Tutorial 1: Intro & basic usage
For the installation of Julia or GigaSOM.jl please refer to the installation instructions.
High-level overview
GigaSOM provides functions that allow straightforward loading of FCS files into matrices, preparing these matrices for analysis, and running SOM and related function on the data.

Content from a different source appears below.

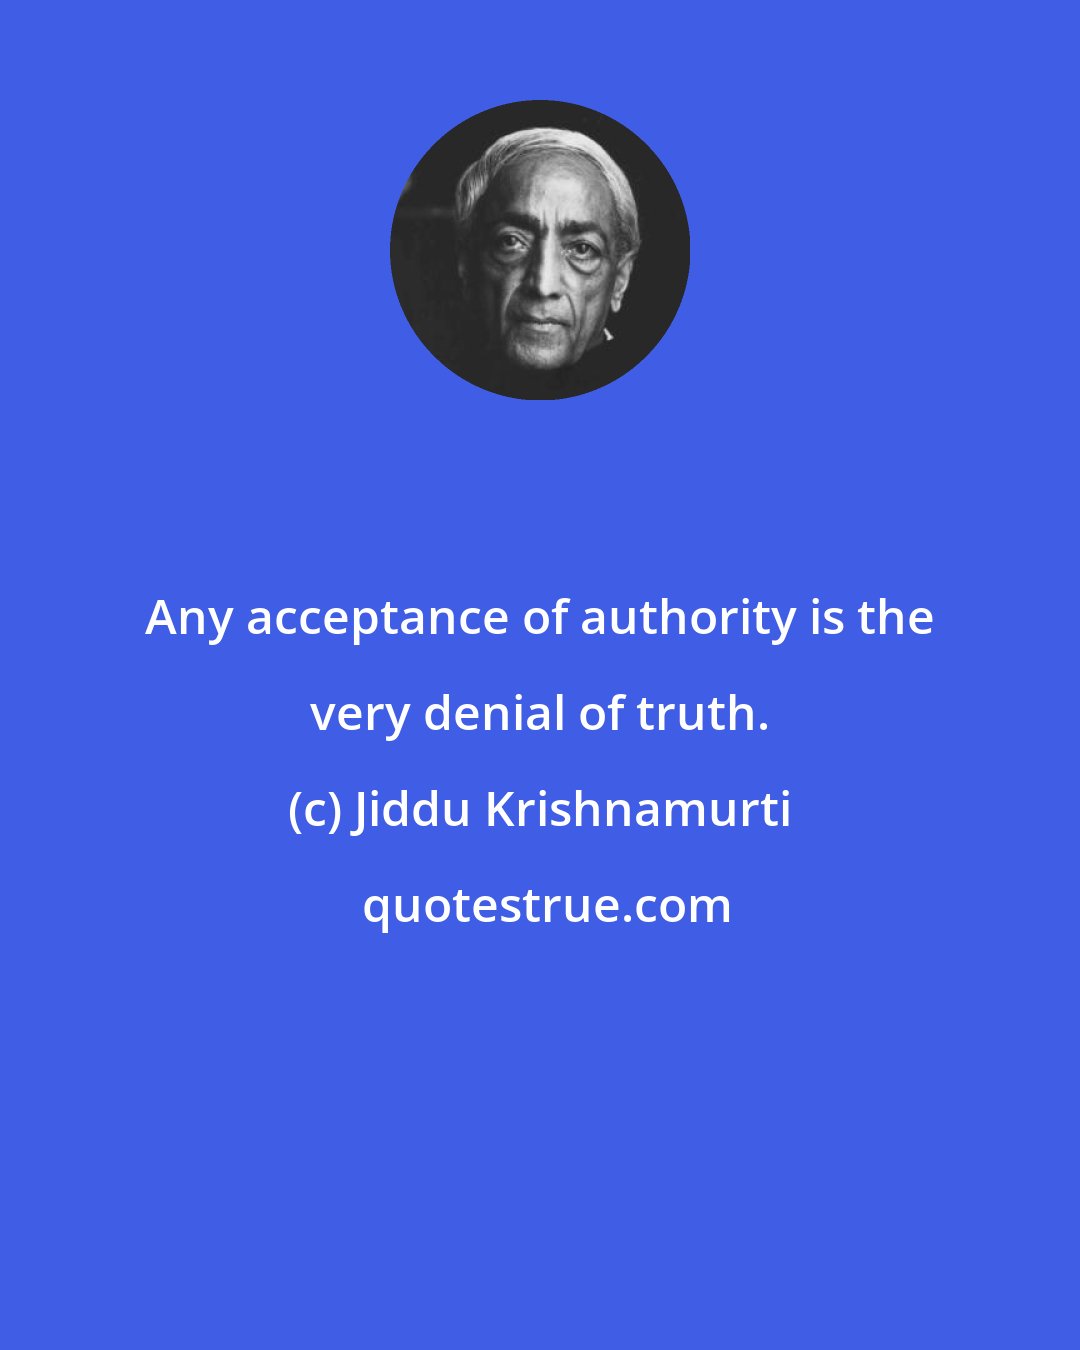 Jiddu Krishnamurti: Any acceptance of authority is the very denial of truth.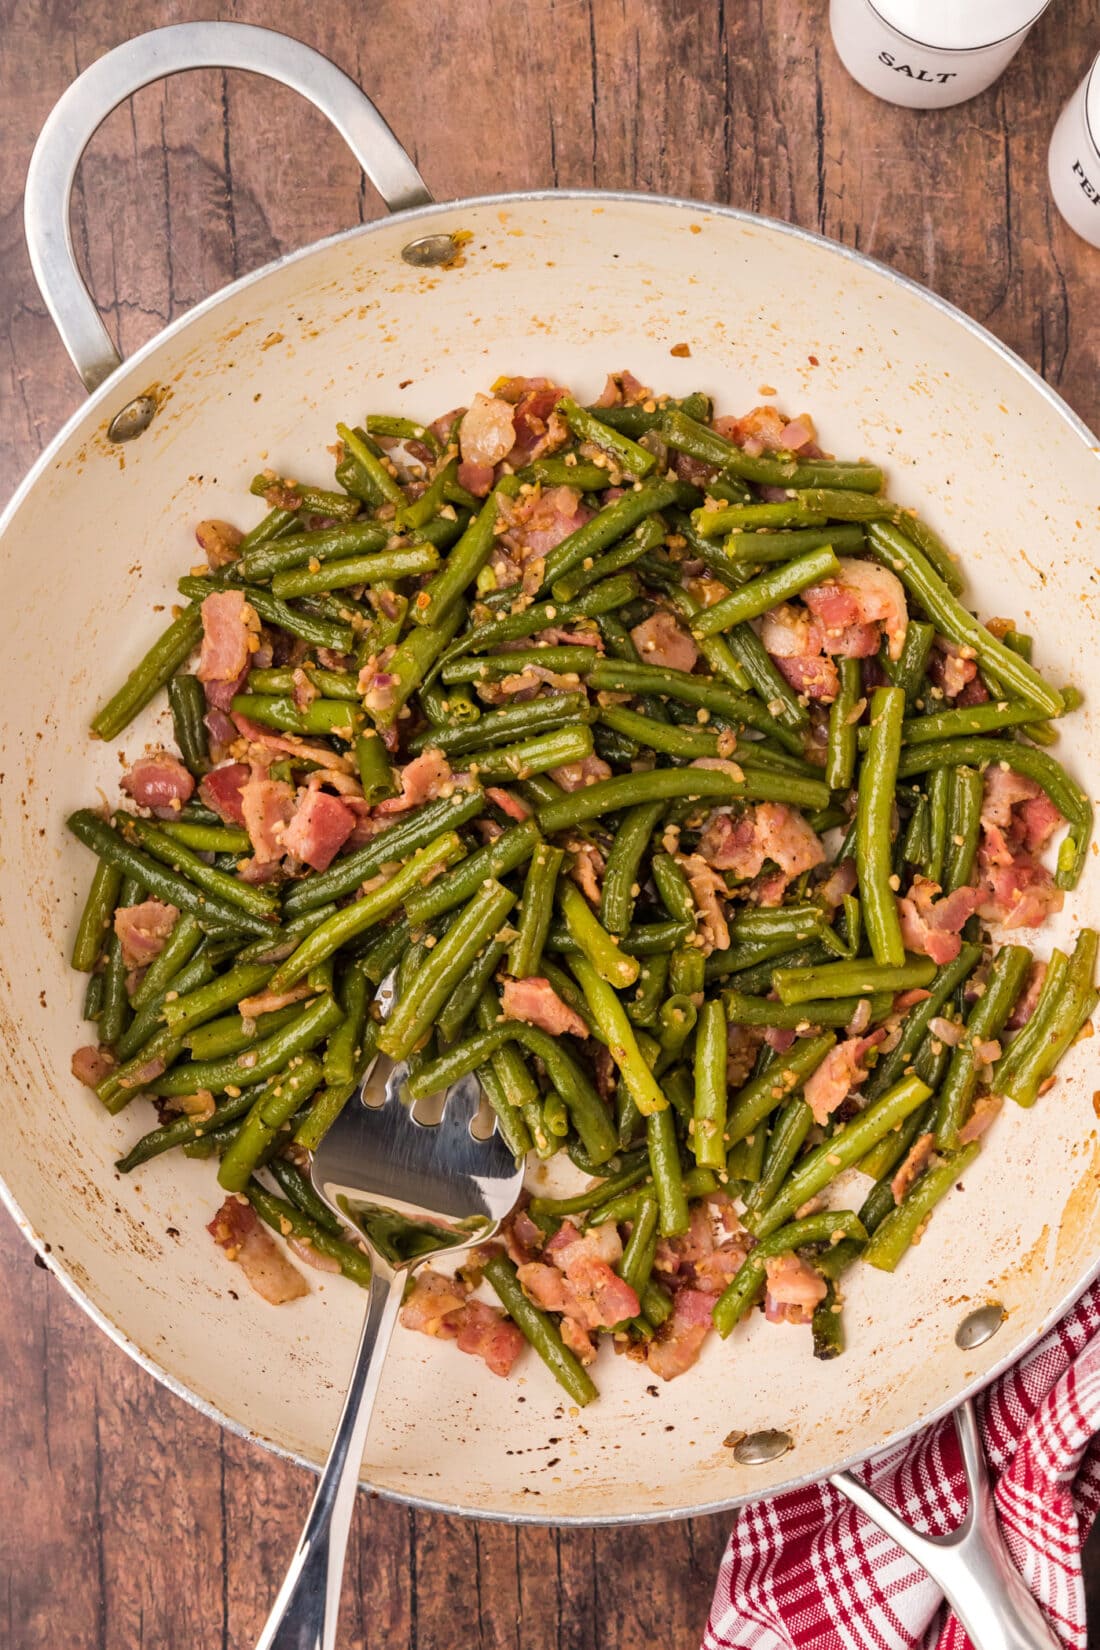 Skillet of Southern Green Beans

The main functions, listed by category:
loadFCS
andloadFCSSet
for loading the datagetMetaData
andgetMarkerNames
for accessing the information about data columns stored in FCS filesdselect
,dtransform_asinh
,dscale
and similar functions for transforming, scaling and preparing the datainitGigaSOM
for initializing the self-organizing map,trainGigaSOM
for running the SOM training,mapToGigaSOM
for classification using the trained SOM, andembedGigaSOM
for dimensionality reduction to 2D
Multiprocessing is done using the Distributed
package – if you add more "workers" using the addprocs
function, GigaSOM will automatically react to that situation, split the data among the processes and run parallel versions of all algorithms.
Horizontal scaling
While all functions work well on simple data matrices, the main aim of GigaSOM is to let the users enjoy the cluster-computing resources. All functions also work on data that are "scattered" among workers (i.e. each worker only holds a portion of the data loaded in the memory). This dataset description is stored in Dinfo
structure. Most of the functions above in fact accept the Dinfo
as argument, and often return another Dinfo
that describes the scattered result.
Most importantly, using Dinfo
prevents memory exhaustion at the master node, which is a critical feature required to handle huge datasets.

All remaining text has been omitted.